MHB Continuity of the Inverse Function

[bsmithysmith]

I just started Calculus 1, a summer quarter that's compressed and I'm having trouble understanding a theorem that state continuity of the inverse function. Within my textbook, it mentions "If f(x) is continuous on an interval I with range R, and if inverse f(x) exists, then the inverse f(x) is continuos with domain R".

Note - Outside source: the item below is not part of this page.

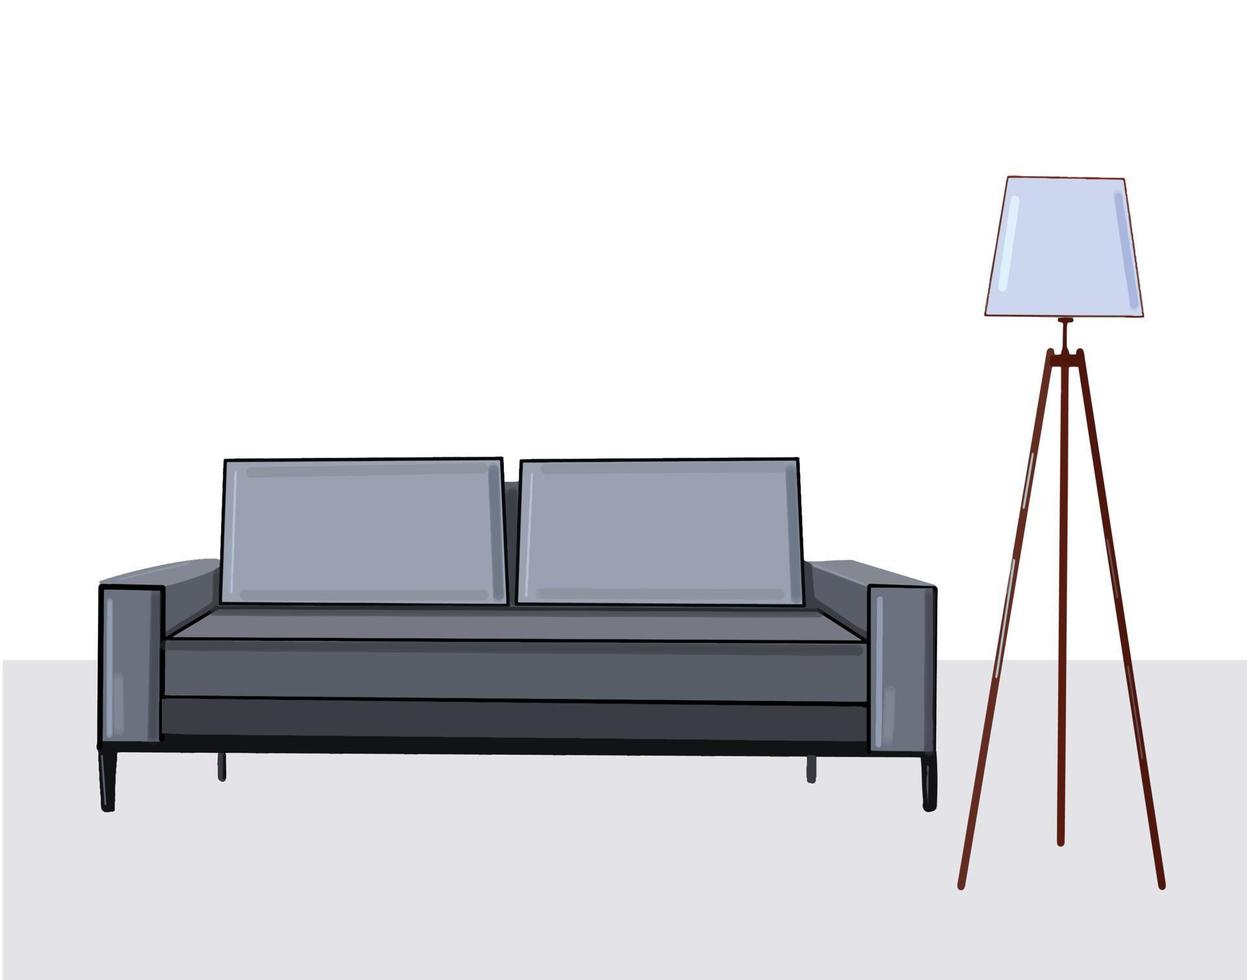 habitación con sofá gris y lámpara de suelo, ilustración vectorial de diseño interior moderno vector

Not understanding it too much, but from what I can derive from it is that when a function has an inverse, it follows the same rules of the function; if that makes sense.

Lets say:

$$y=\frac{-2}{x-5}$$
and the inverse
$$y=\frac{5x-2}{x}$$

Then they both are continuous with their domains R. Maybe I'm not getting it, or can't put it in words, but it's a little confusing to me. They are the same equations, although inverses, but follow the same properties of continuity.

I need simplification because I also don't understand what I'm talking about, myself.

 

[Prove It]

I just started Calculus 1, a summer quarter that's compressed and I'm having trouble understanding a theorem that state continuity of the inverse function. Within my textbook, it mentions "If f(x) is continuous on an interval I with range R, and if inverse f(x) exists, then the inverse f(x) is continuos with domain R".

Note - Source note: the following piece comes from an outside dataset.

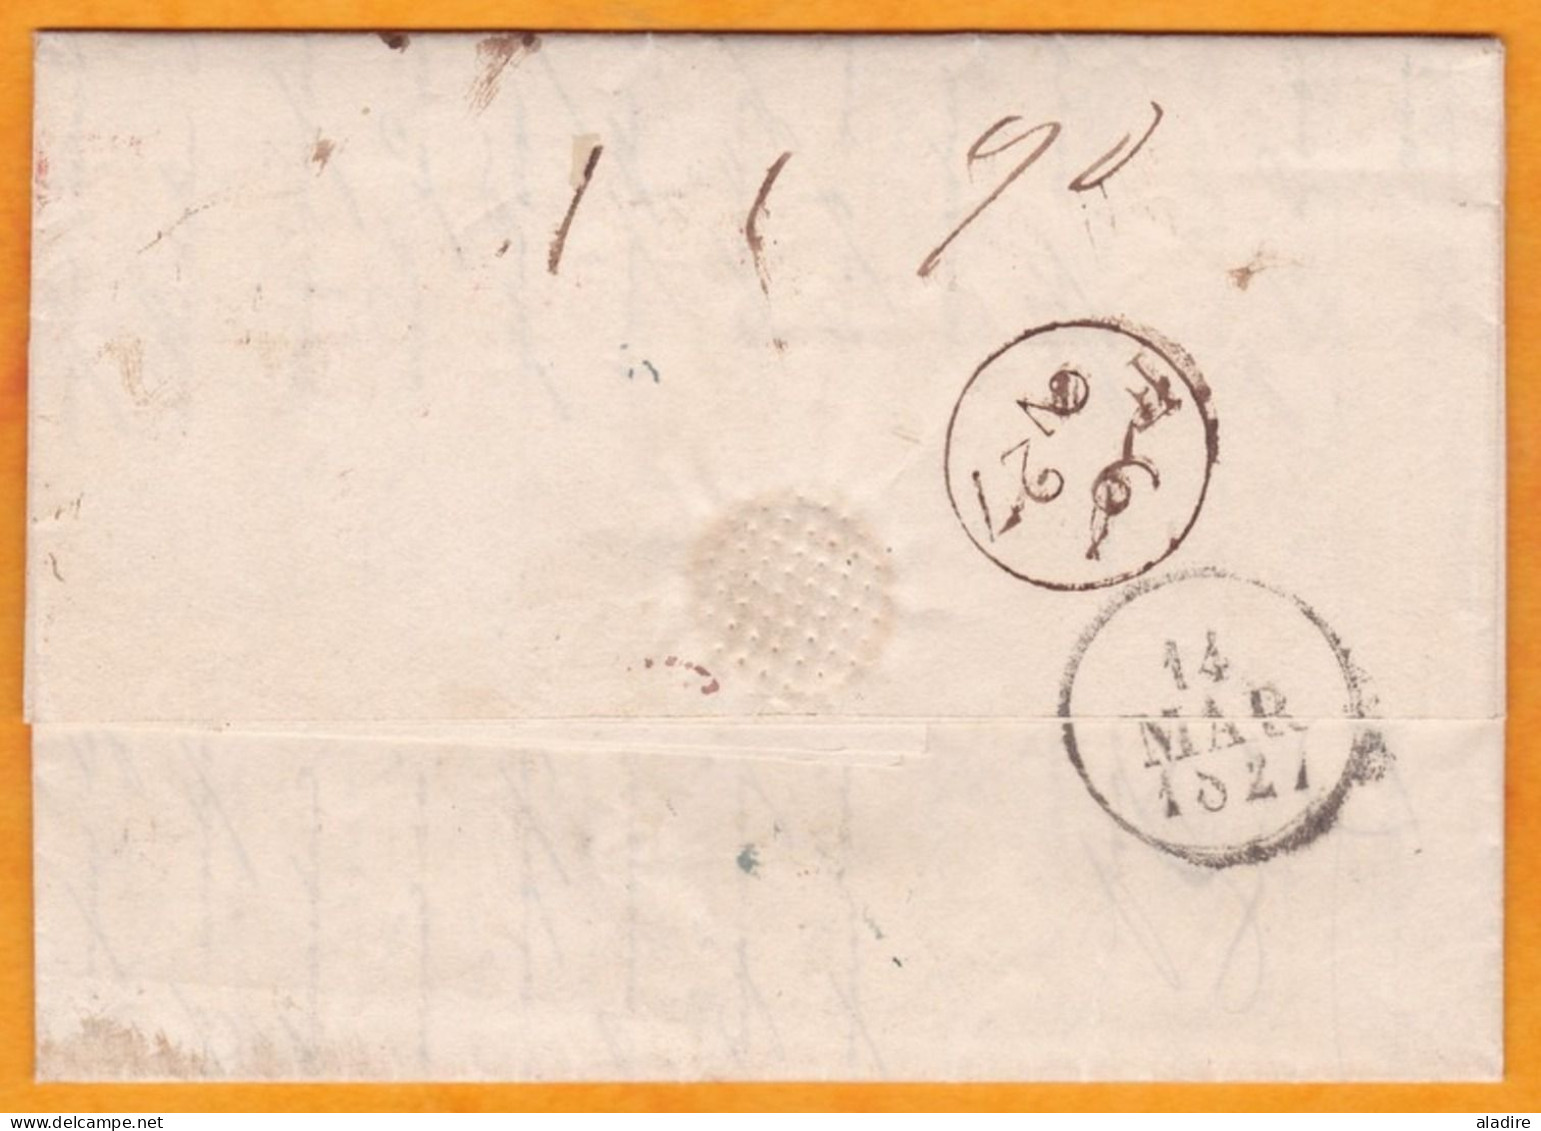 1827 - KGIV - lettre de Londres, GB vers Bordeaux, France - griffe ANGLETERRE en rouge - cover from London to Bordeaux

Not understanding it too much, but from what I can derive from it is that when a function has an inverse, it follows the same rules of the function; if that makes sense.

Lets say:

$$y=\frac{-2}{x-5}$$
and the inverse
$$y=\frac{5x-2}{x}$$

Then they both are continuous with their domains R. Maybe I'm not getting it, or can't put it in words, but it's a little confusing to me. They are the same equations, although inverses, but follow the same properties of continuity.

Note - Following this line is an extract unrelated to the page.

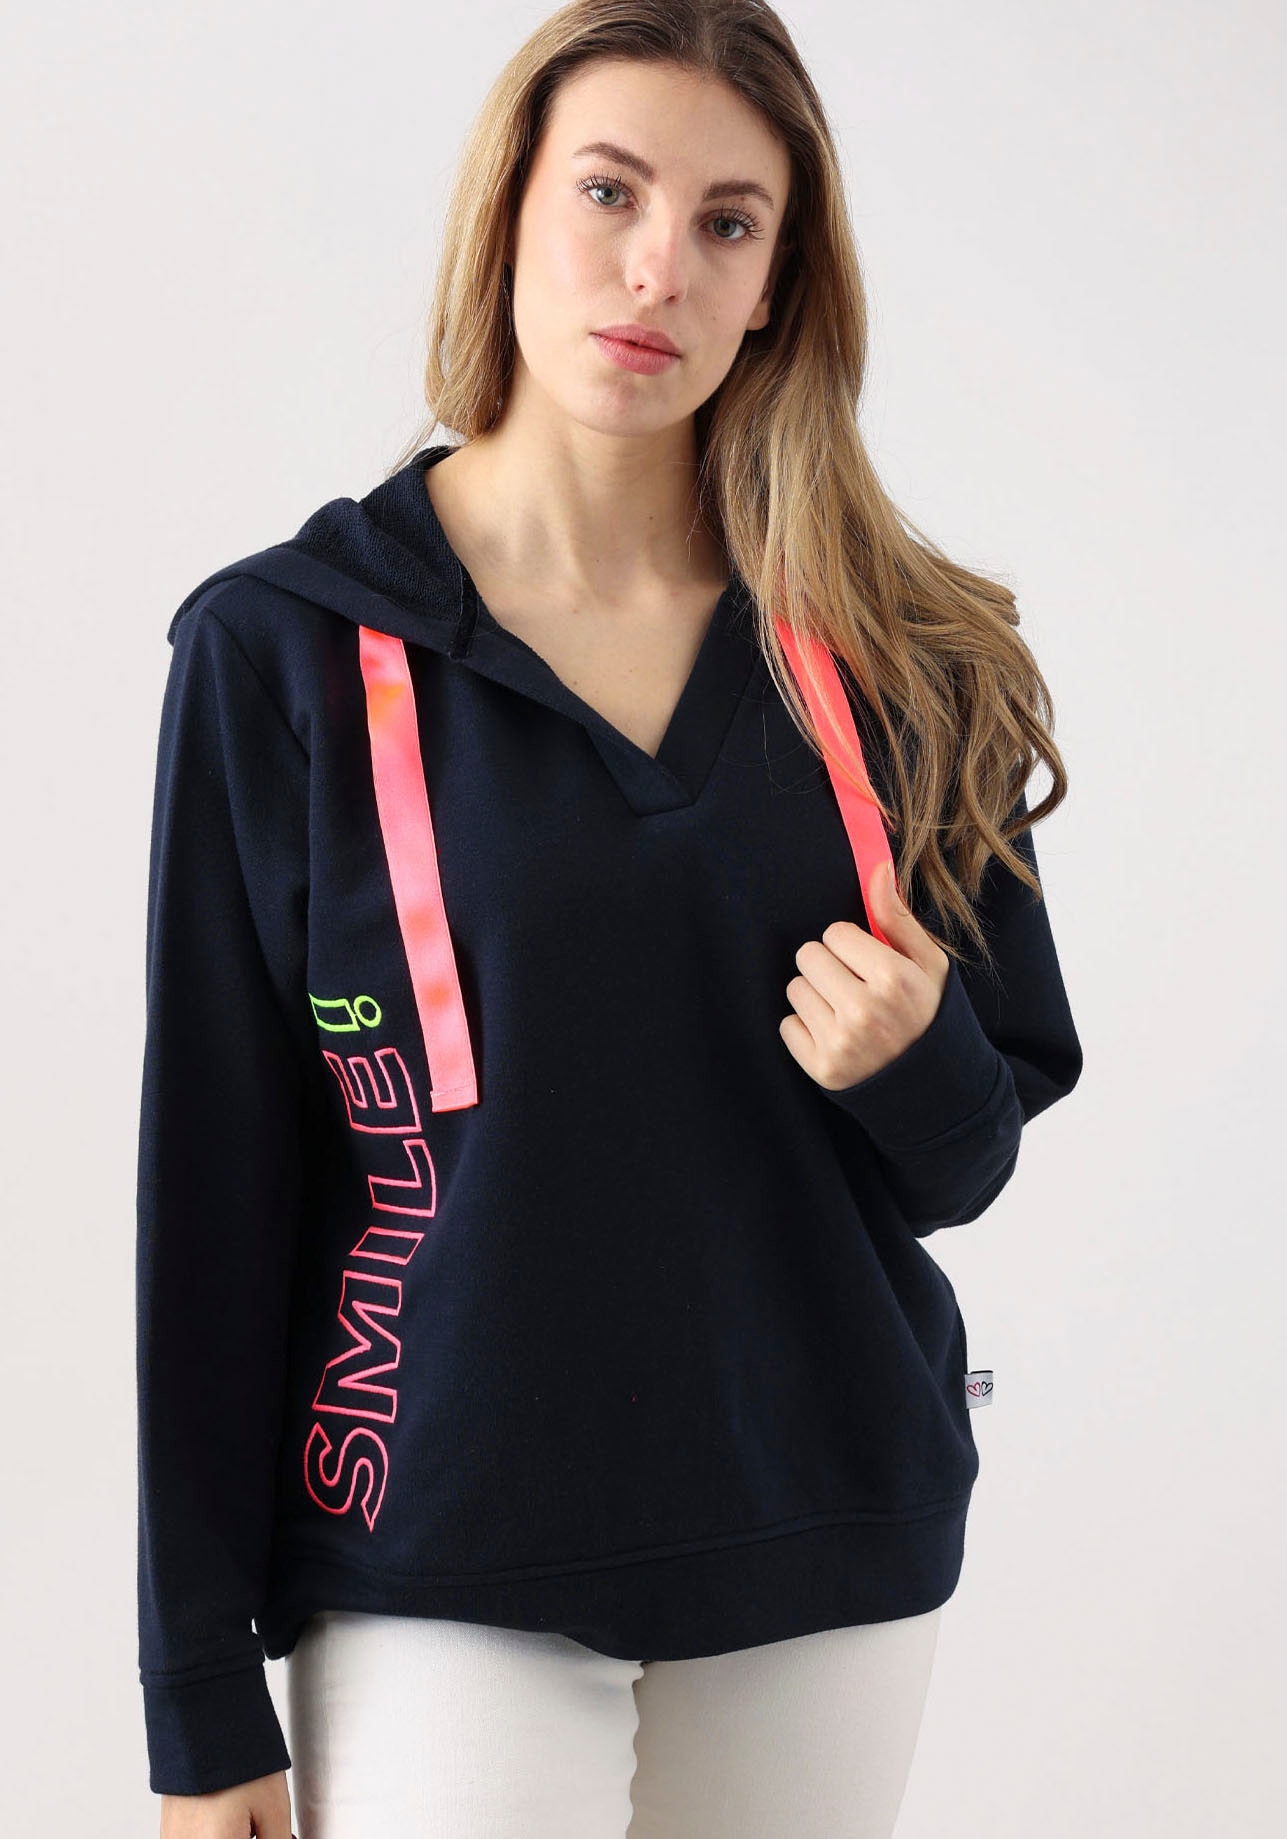 Sweatshirt »Smile«, mit V-Ausschnitt, Frontprint durch das Wort Smile, neonfarben

I need simplification because I also don't understand what I'm talking about, myself.

Well first of all, it should be obvious that NEITHER of those functions has a domain of $\displaystyle \begin{align*} \mathbf{R} \end{align*}$.

Anyway, all that the theorem you're referring to is saying is that provided your original function is one-to-one on its domain (which is a requirement to have an inverse function), if your original function is continuous, so is the inverse function.